MANHATTAN (CN) – An attorney for a prominent immigration activist at risk of deportation urged the Second Circuit on Monday not to miss the chance to prevent a “First Amendment black hole.”
“Does the First Amendment allow ICE to weaponize its own deportation laws to silence one of its most prominent critics,” Arnold & Porter attorney R. Stanton Jones asked this morning at oral arguments in Manhattan.
On Jan. 11, Jones’ client Ravi Ragbir was arrested while reporting for a routine check-in at the New York City field office for Immigration and Customs Enforcement.
Ragbir had convicted 17 years earlier of wire fraud and is fighting in New Jersey now to topple that record. But his lawyers contend that political retaliation spurred ICE to pursue him after so much time had passed.
With the 53-year-old fighting now to seek more evidence of this selective-enforcement theory, the Second Circuit peppered both sides with questions during a hearing Monday that stretched roughly an hour.
“What could be more outrageous than denying someone of their First Amendment rights?” U.S. Circuit Judge Christopher Droney asked the government’s attorney at one point. “Is there any star in our constitutional firmament that is more important than that?”
Citing the Supreme Court precedent of Reno v. American-Arab Anti-Discrimination Committee, federal prosecutors argue that the courts have no jurisdiction to investigate such motives.
“Is it outrageous for ICE to say: If you criticize us, out?” U.S. Circuit Judge Pierre Leval asked Assistant U.S. Attorney Steven Kochevar.
“It is not outrageous in the circumstances of this case,” Kovechar replied.
Jones argued that the hypothetical is not too far from the facts of Ragbir’s case.
He quoted the director of ICE’s New York field office threatened Ragbir by saying: “You shouldn’t make matters worse by speaking out.”
If not given the right to explore retaliatory motive, Jones warned: “ICE could tell any noncitizen: Do not criticize ICE, or we will deport you.”
U.S. Circuit Judge John Walker appeared troubled that allowing Ragbir to investigate this issue would give any immigration activist with a removal order a basis to challenge deportation.
“If you are a member of an immigrant’s rights group, and you are under an order of removal,” he said that claiming retaliation would “effectively be able to achieve immunity from deportation.”
Jones called the argument absurd because immigrants depend on ICE’s discretion over their cases.
“Nobody would think that someone would ever think that they could extend their stay in the country by publicly criticizing ICE,” he said.
Addressing what he called the “slippery-slope problem,” Droney asked: “How would we be able to focus on those cases that really have some substance to them?”
Jones argued that this has been the law of the land for 10 years, without the feared consequences.
“The outrageousness exception has been on the books for a decade, and there has been no opening of floodgates,” he said.
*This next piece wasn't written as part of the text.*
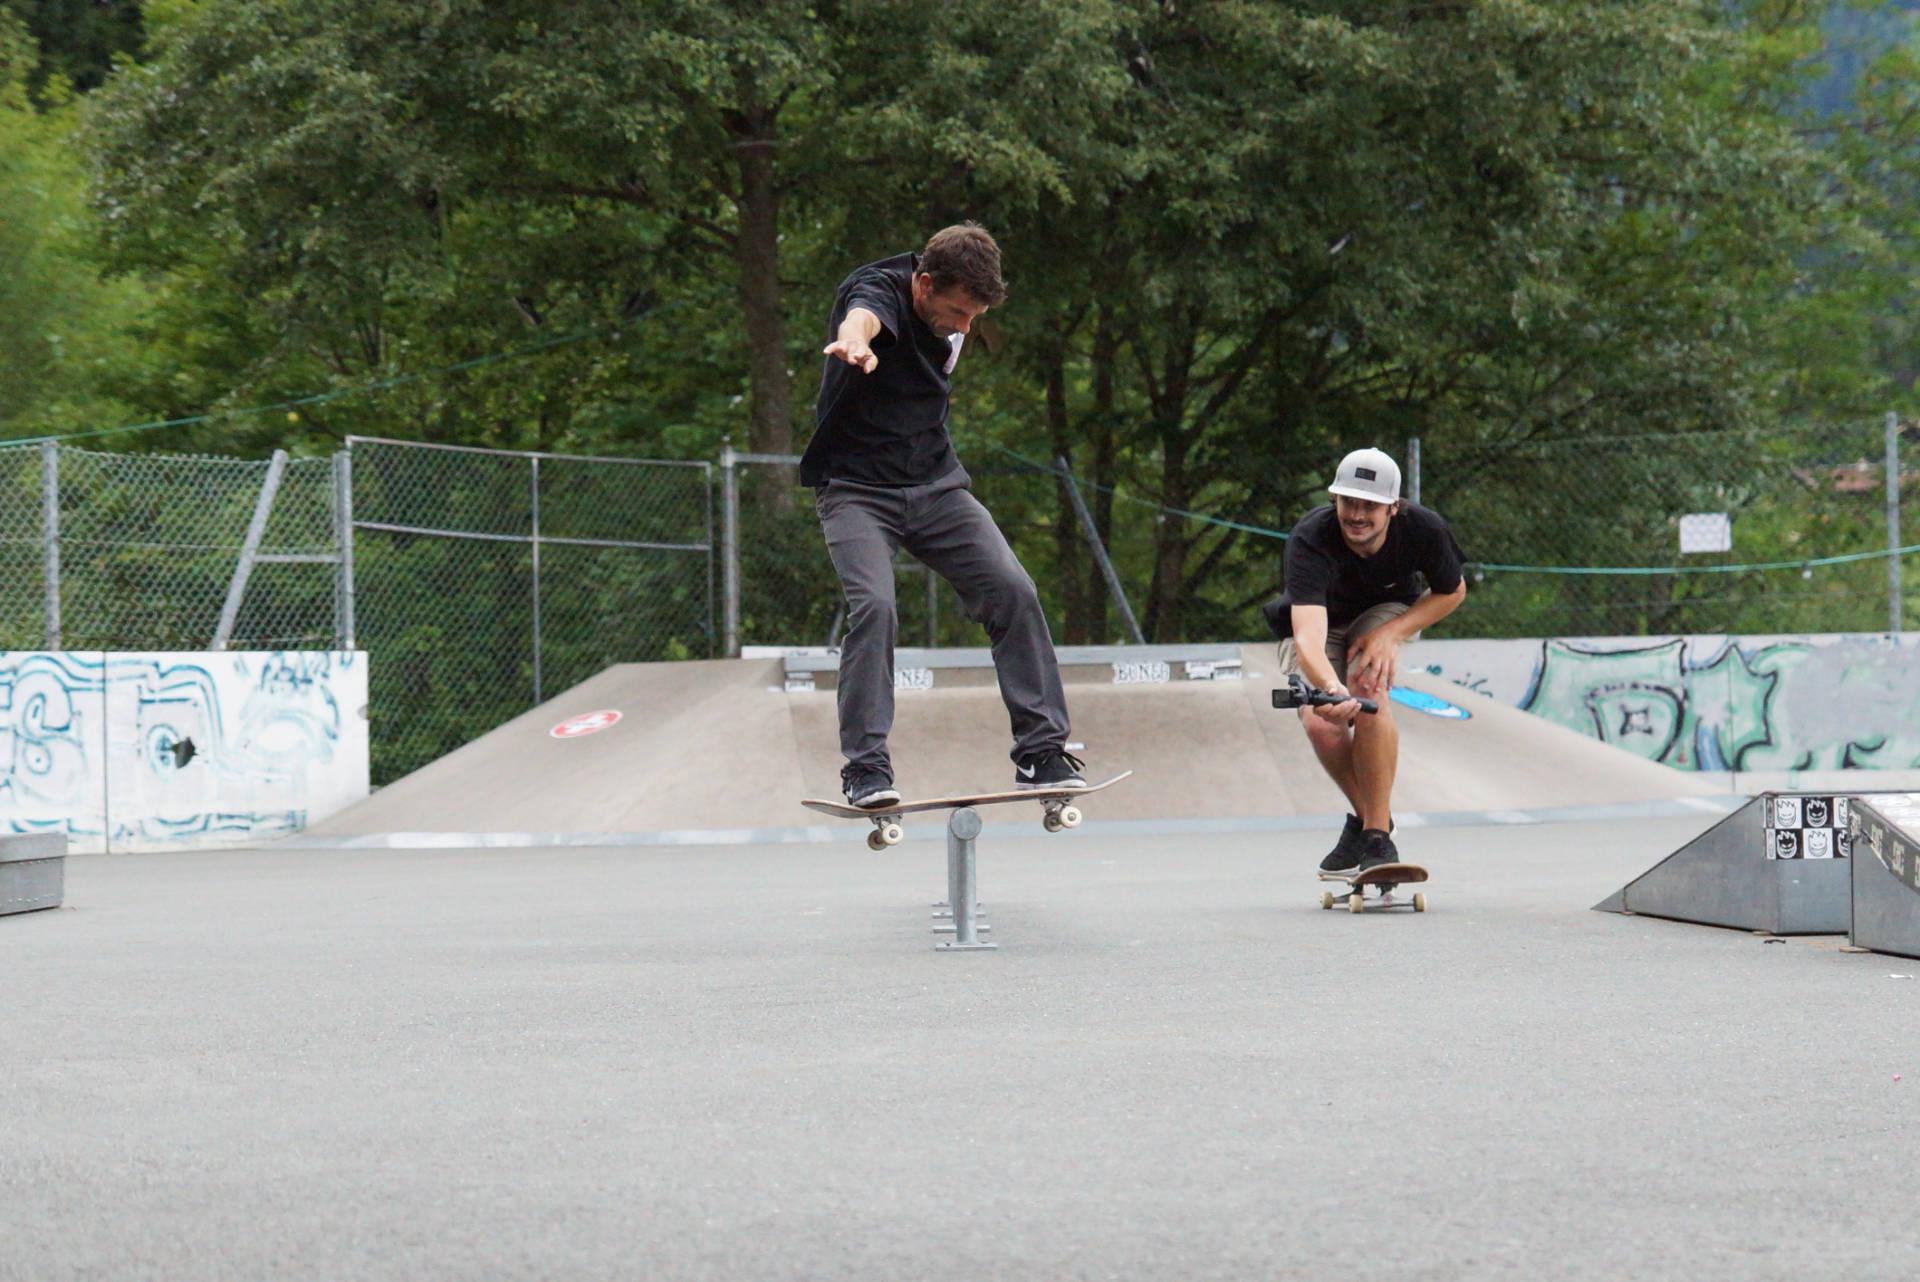 skateboardheadz fieberbrunn kgt 2019 finale 00012

Judge Leval worried about a different precedent that could be set if a court were to declare retaliatory motives off limits for investigation by the courts.
“We’ve got a lot more people under orders of removal than we could possibly remove,” he noted.
What would happen, he asked, if “only people who are not white skinned who are being removed?”
“Or only Jews?” he pressed. “Or only Catholics?”
In a passionate closing, Jones argued that a debate over whether the constitution protects political speech is more fitting for regimes in Russia, Saudi Arabia and North Korea.
“In any other context, we would agree that the First Amendment protects political dissidents against retaliation,” he said.
After his emotional final pitch, the three-judge panel reserved decision on the matter, with no indication of how they might rule.